Comments from readers are needed to help us fulfill our objective for this column. SR will be most successful when validation, quality, and statistics communities participate in this endeavor. Suggestions for future discussion topics are invited. Readers are also asked to contribute manuscripts for publication – please share your successful experiences with others. Please contact column coordinator Jeremy Ebersole via the comments section below with questions, suggestions, or topics for discussion.
INTRODUCTION
This paper examines basic concepts in statistics and their application to validation. It explores the definition of statistics, why statistics are important in validation, and the regulatory requirements for statistics in processes. It further addresses the concept and measurement of variance, data distribution, and the relationship of variance to validation. Ways to measure variance, and when different types of measurements are appropriate are described.

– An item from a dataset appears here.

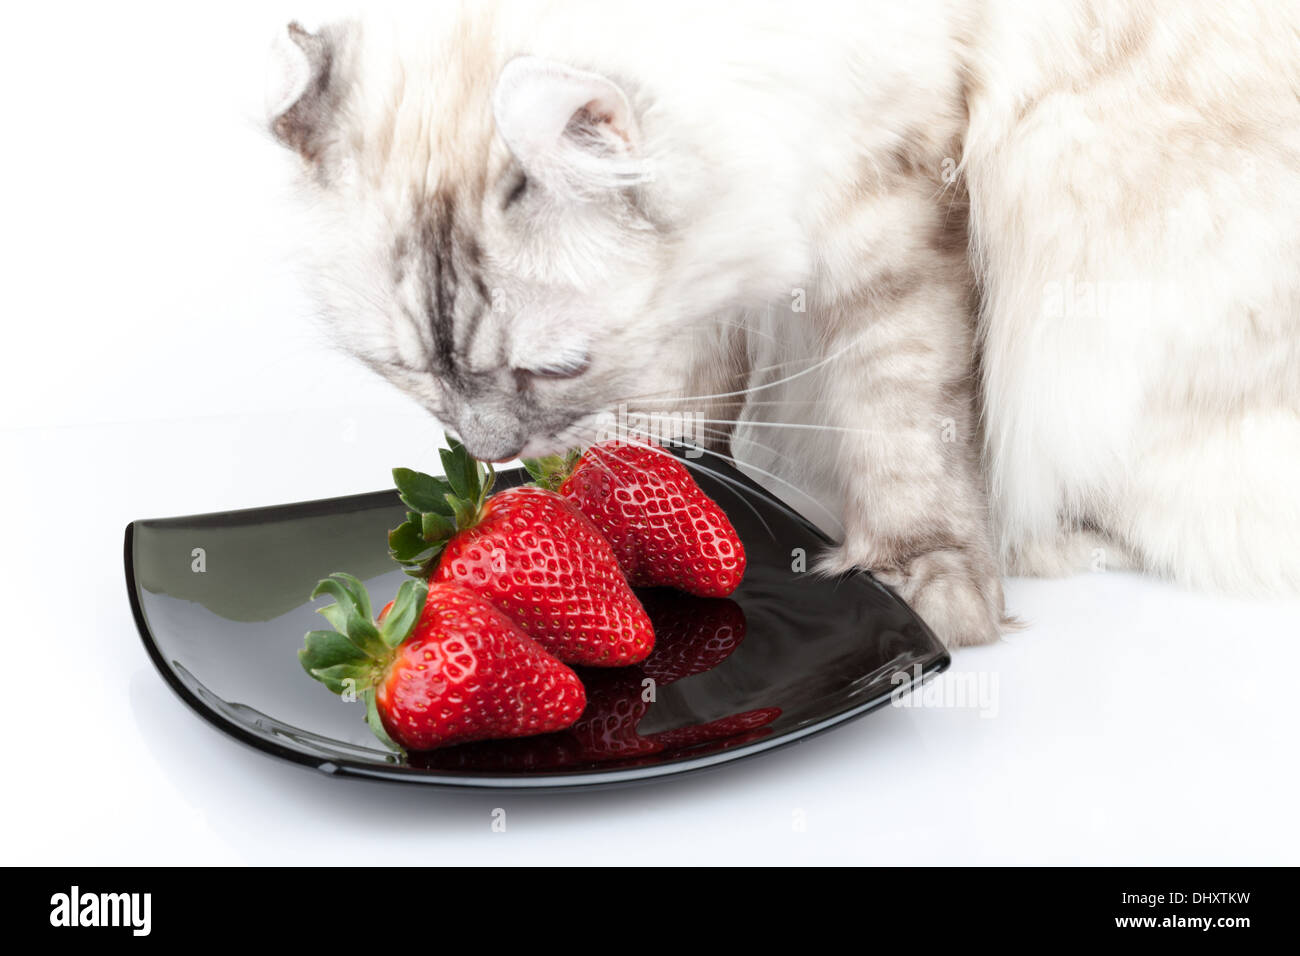 Weiße Katze frisst sorgfältig frische rote Erdbeere Stockfoto

Statistics Definition and Objective
Statistics is the practice or science of collecting and analyzing numerical data in large quantities, especially for the purpose of inferring proportions in a whole from those in a representative sample. What this means practically is that statistics enables use of a limited amount of data to predict the outcome of an event, the result of a process, or a way to describe an entire population – we observe a relatively small sample of the population and make judgments applicable to the larger whole.

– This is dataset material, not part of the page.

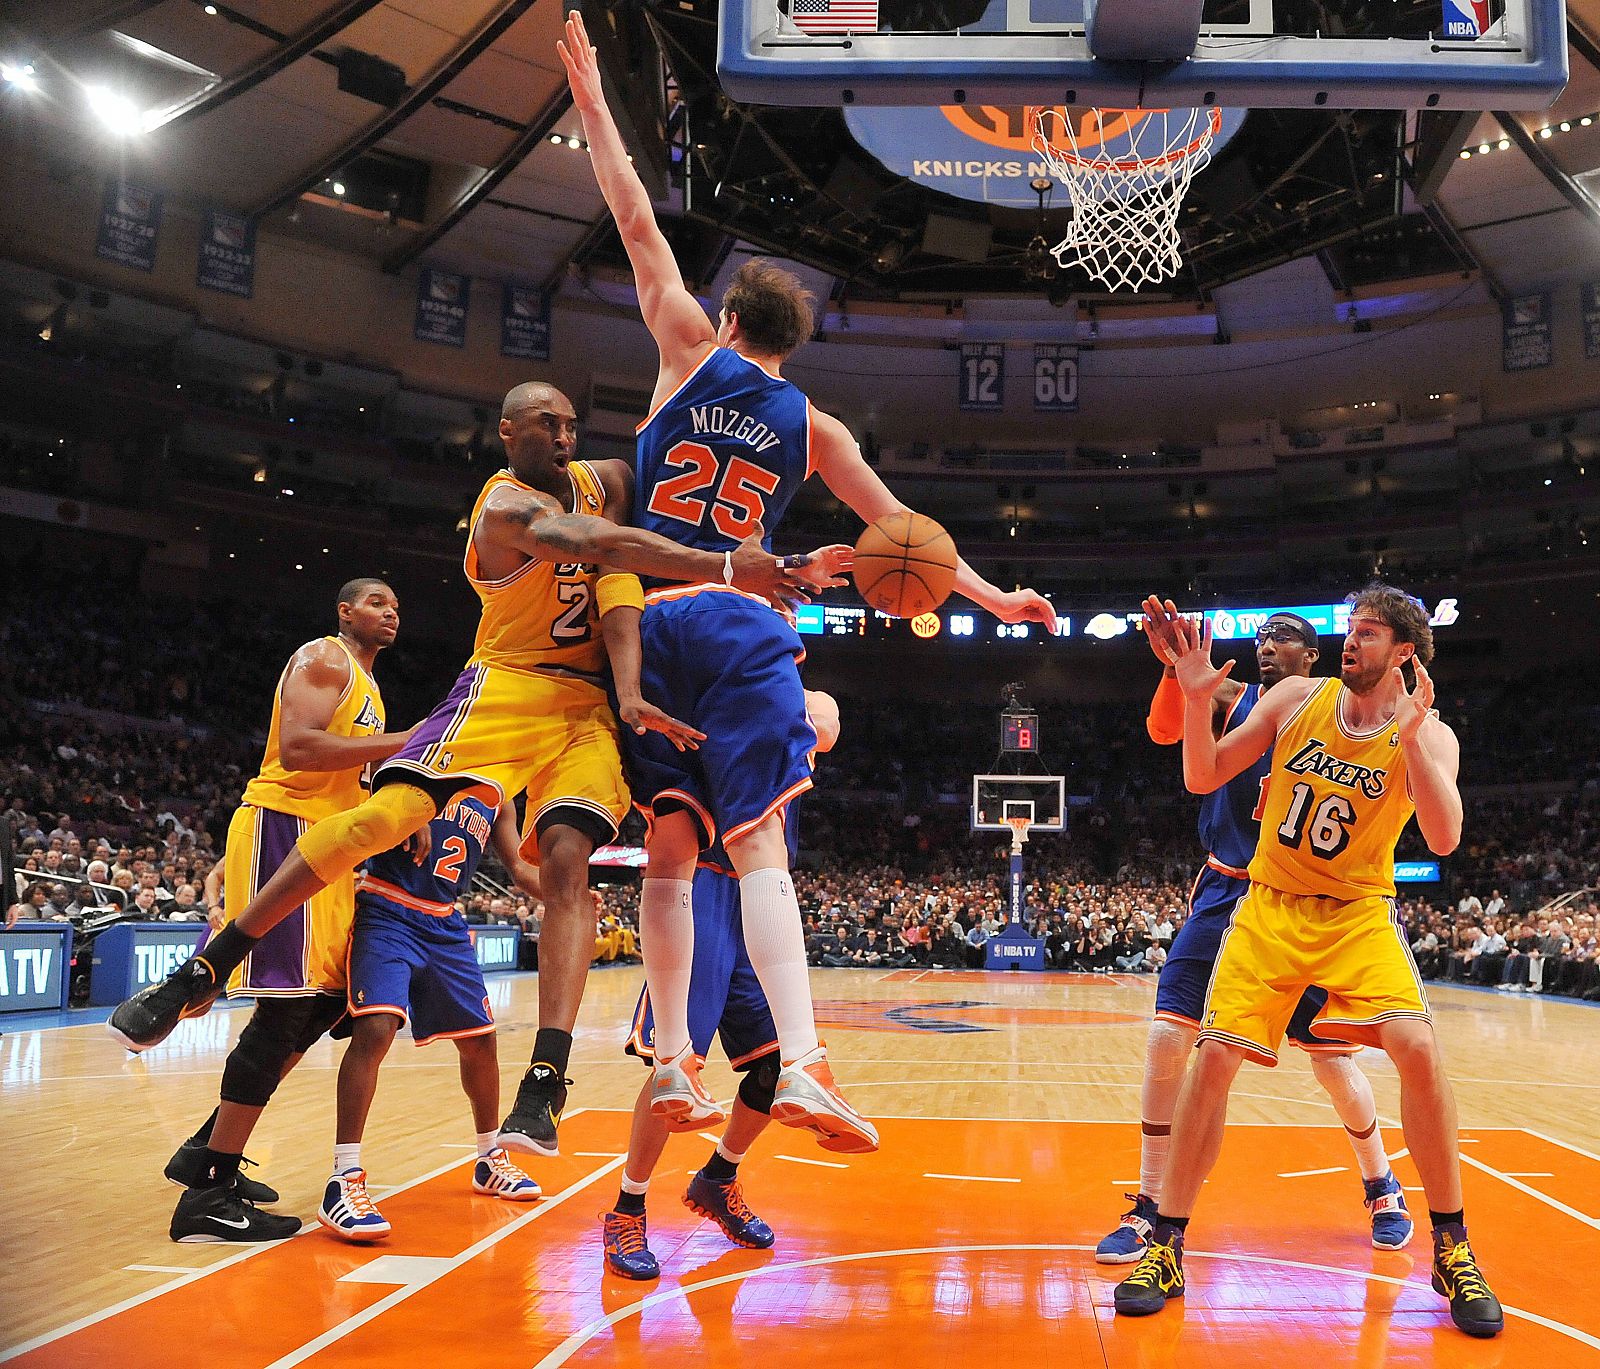 El jugador Kobe Bryant realiza un pase a Pau Gasol Timofey Mozogov de los Knicks.

In validation, we are asked to predict the future behavior of a system from a limited look at that system. How do we know with any degree of certainty that the system will continue to function as we want (or need) as we continue to use the system? We need to show with a high degree of certainty that our product or process is going to meet its requirements. In cleaning, we need to be confident that every time we clean, the cleaning process has produced the desired results. For test methods, we need to have confidence in the results of our tests. In processes or manufacturing validation, we need to have confidence that every time we run our process, we will deliver acceptable product within specification. Our customers demand it, regulatory agencies require it, and our ethics make it imperative. By validation of our processes and test methods, we take a big step toward meeting these requirements. The proper use and application of statistics in validation is a powerful tool to ensure we meet our obligations to produce safe and reliable products.
Regulatory Requirements
There are regulatory requirements to use proper statistical techniques in validation. Some of the most pertinent FDA guidance and regulations are outlined below.

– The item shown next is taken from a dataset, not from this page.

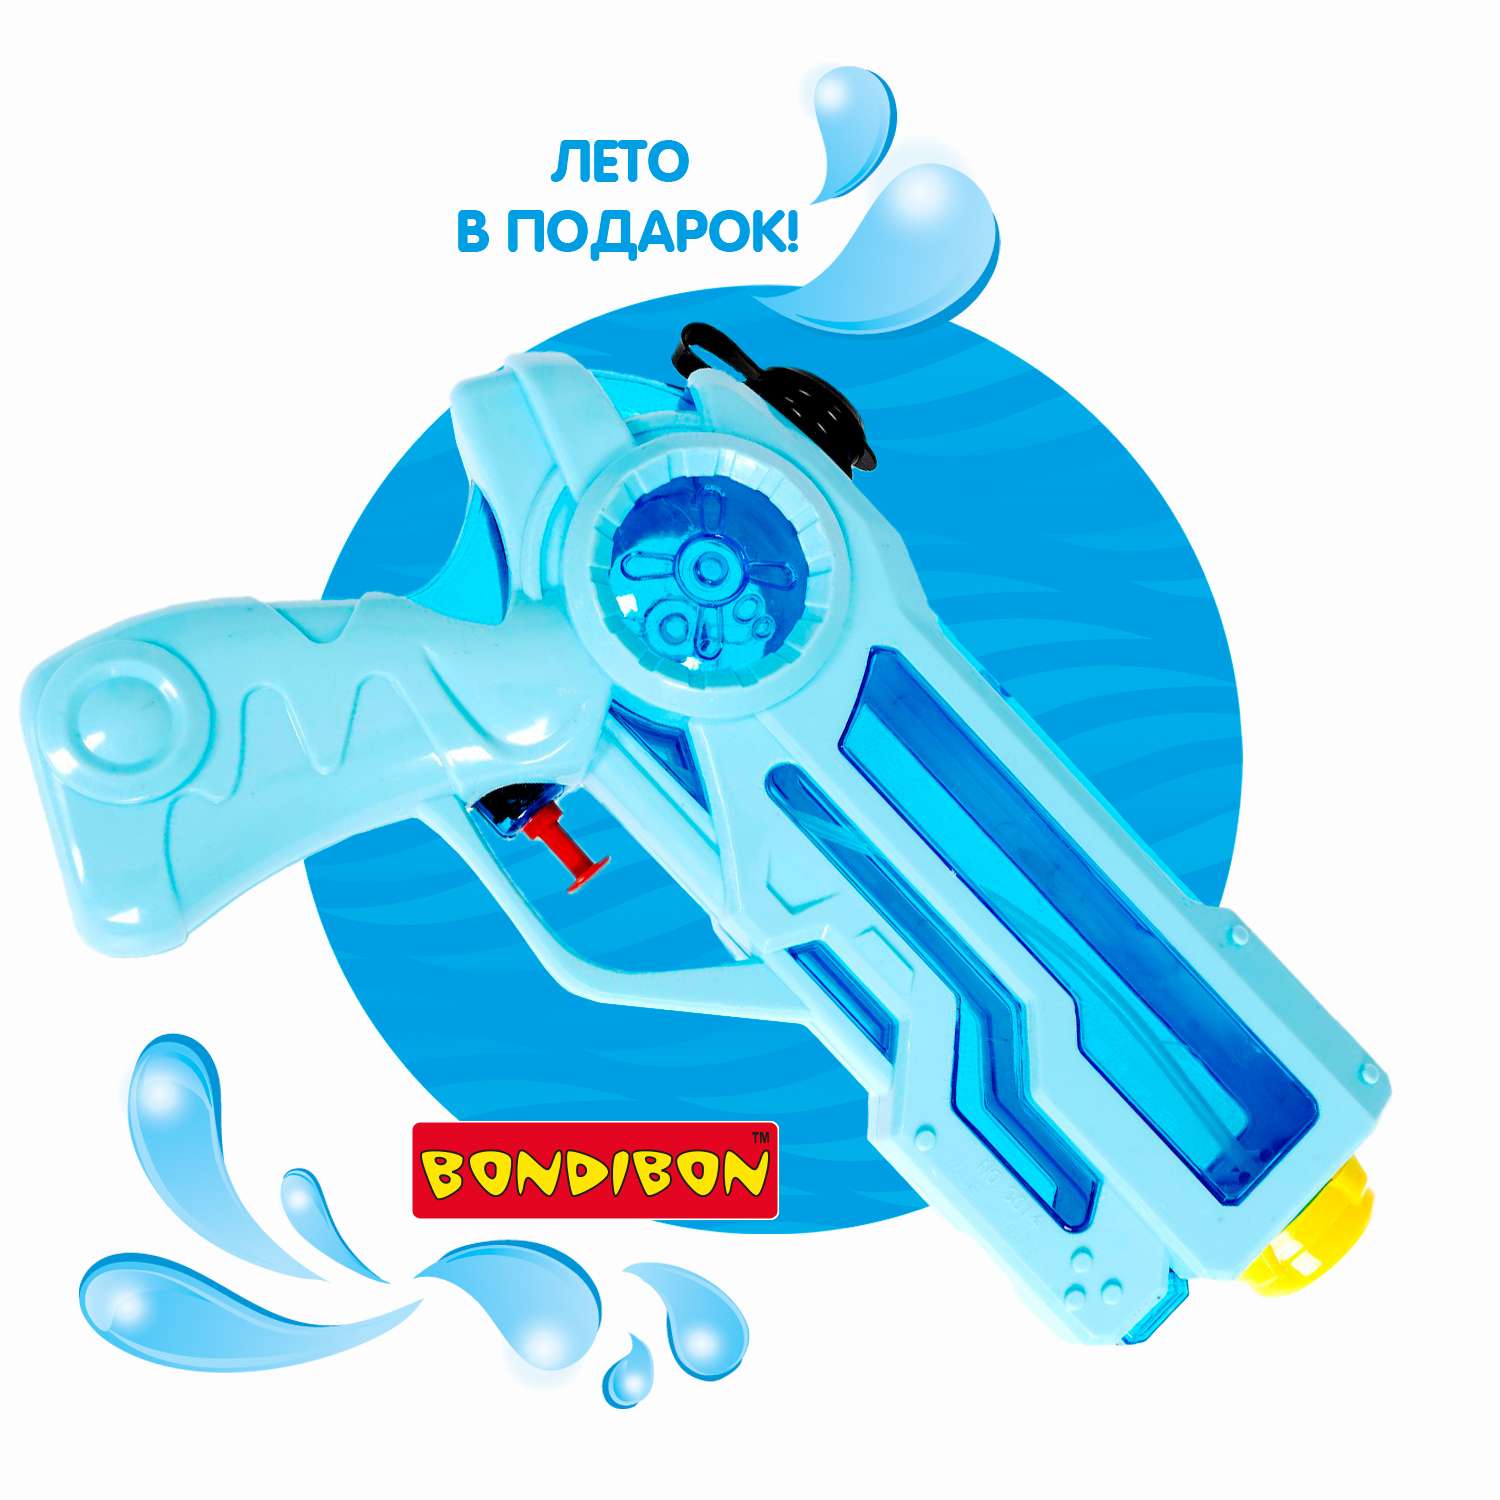 Водный пистолет BONDIBON голубой с синим прозрачным резервуаром серия Наше Лето - фото 12

Process Validation: General Principles and Practices
 The sampling plan must result in statistical confidence (§ 211.165(c) and (d)); and the batch must meet its predetermined specifications (§ 211.165(a)).
 The second principle in this regulation further requires that inprocess specifications “…shall be derived from previous acceptable process average and process variability estimates where possible and determined by the application of suitable statistical procedures where appropriate.” This requirement, in part, establishes the need for manufacturers to analyze process performance and control batchtobatch variability.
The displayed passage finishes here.